Alla Seine Musicale presenti una decina di capi di Stato e di governo, oltre a Ursula von der Leyen, il dg dell'Aiea, Rafael Mariano Grossi, e il segretario generale dell'Ocse, Mathias Cormann. Per l'Italia c'è il ministro dell'Ambiente Gilberto Pichetto Fratin. La presidente della Commissione europea: "I prezzi dell'elettricità in Europa sono strutturalmente troppo elevati. È stato un errore strategico voltare le spalle al nucleare"
Sono una decina i capi di Stato e di governo presenti oggi a Parigi per il secondo vertice internazionale sul nucleare civile, promosso dalla Francia con l’obiettivo di "creare un nuovo slancio con l'insieme dei Paesi presenti per riconoscere il nucleare come elemento di primo piano della transizione energetica che contribuisce alla decarbonizzazione dell'insieme del sistema energetico". Oggi "c'è bisogno del nucleare. Una fonte di progresso, di prosperità e di indipendenza" energetica, ha detto il presidente francese, Emmanuel Macron, aprendo il summit alla Seine Musicale di Boulogne-Billancourt. "Nel 1990 un terzo dell'elettricità europea proveniva dal nucleare, oggi è solo il 15%: la riduzione della quota è stata una scelta, ma credo che sia stato un errore strategico da parte dell'Europa voltare le spalle a una fonte di energia affidabile, economica e a basse emissioni", ha sottolineato poi la presidente della Commissione europea, Ursula von der Leyen.
Macron: "Oggi il nucleare è un'energia profondamente sicura''
Rivolgendosi alla platea di leader e rappresentanti di Stati e istituzioni internazionali, Macron ha osservato che il summit si tiene in un contesto particolare. "La parola nucleare - ha detto - è associata a un conflitto in corso in Iran e nel Medio Oriente" e si tiene "esattamente 15 anni dopo la catastrofe di Fukushima". Rivolgendo un messaggio di "fraternità al popolo giapponese funestato" da quella tragedia, il presidente ha detto che "in 15 anni il mondo è cambiato.

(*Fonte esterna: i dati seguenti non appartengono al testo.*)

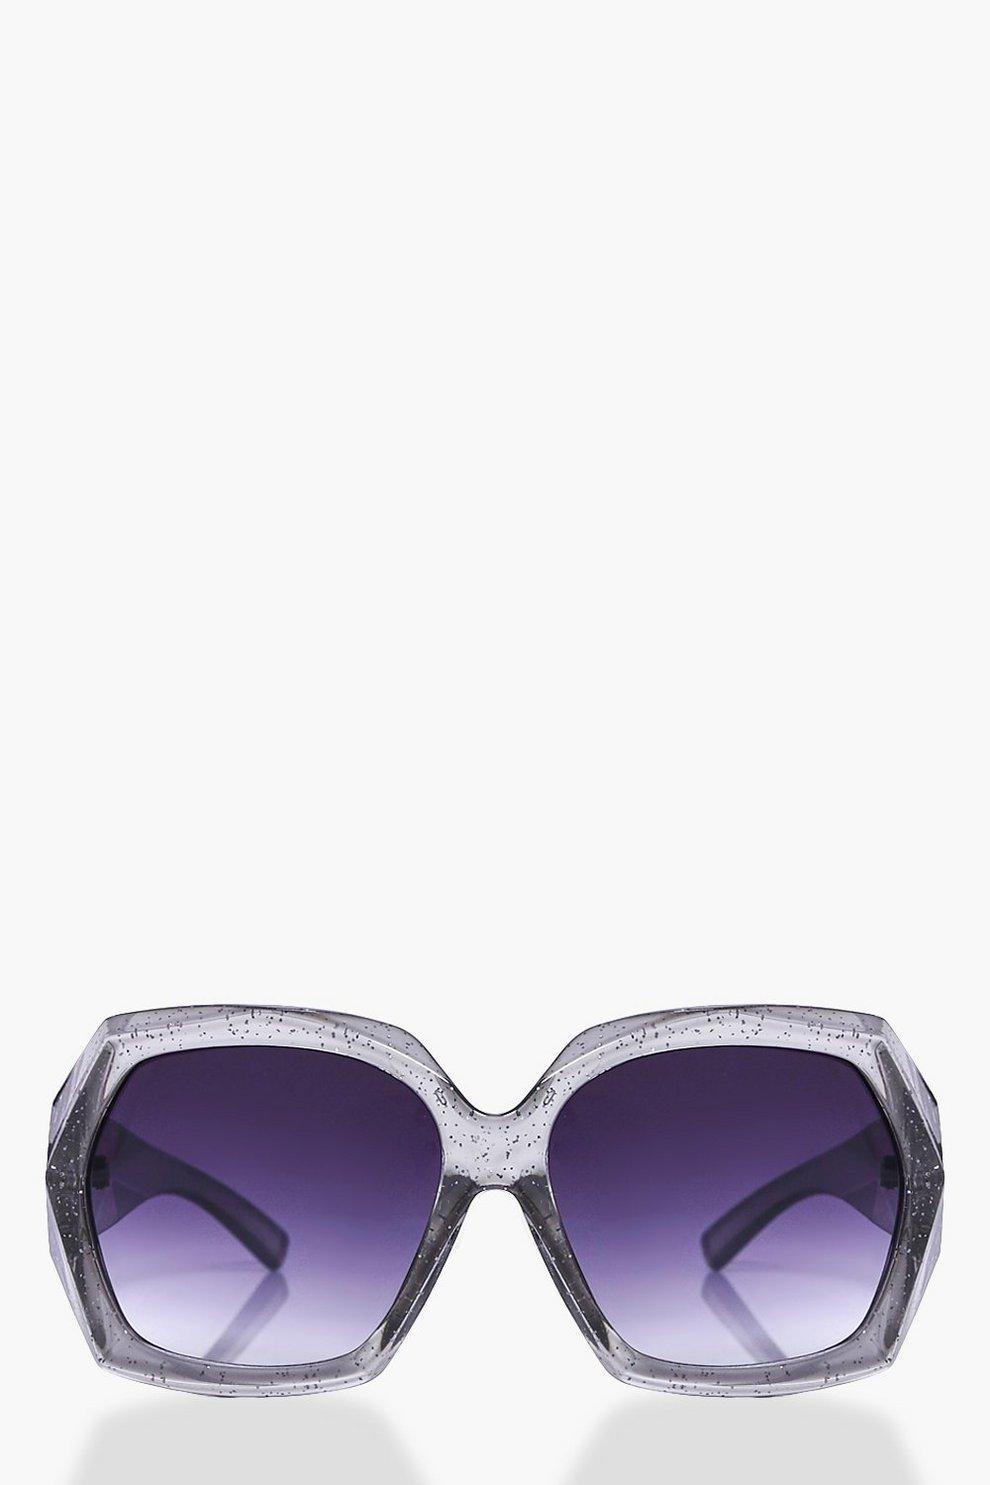 Maya Glitter Clear Frame Oversized Fashion Glasses | Boohoo

Nulla cancella il dolore", puntualizza Macron, ma dal 2011 sono state tratte delle lezioni e oggi il nucleare è "un'energia profondamente sicura. Ovunque i nostri reattori sono sottoposti ai controlli piu rigidi del pianeta". Quindi la necessità di continuare a "modernizzare, innovare trasfomare". "In materia di sicurezza non potrebbe esserci nucleare civile senza sicurezza", ha avvertito il presidente, rendendo omaggio alla "fiducia ritrovata", "piena e intera", nel nucleare civile. Un'energia a basso livello di emissioni, ha ribadito, senza la quale non sarebbe nemmeno possibile raggiungere gli obiettivi di decarbonizzazione.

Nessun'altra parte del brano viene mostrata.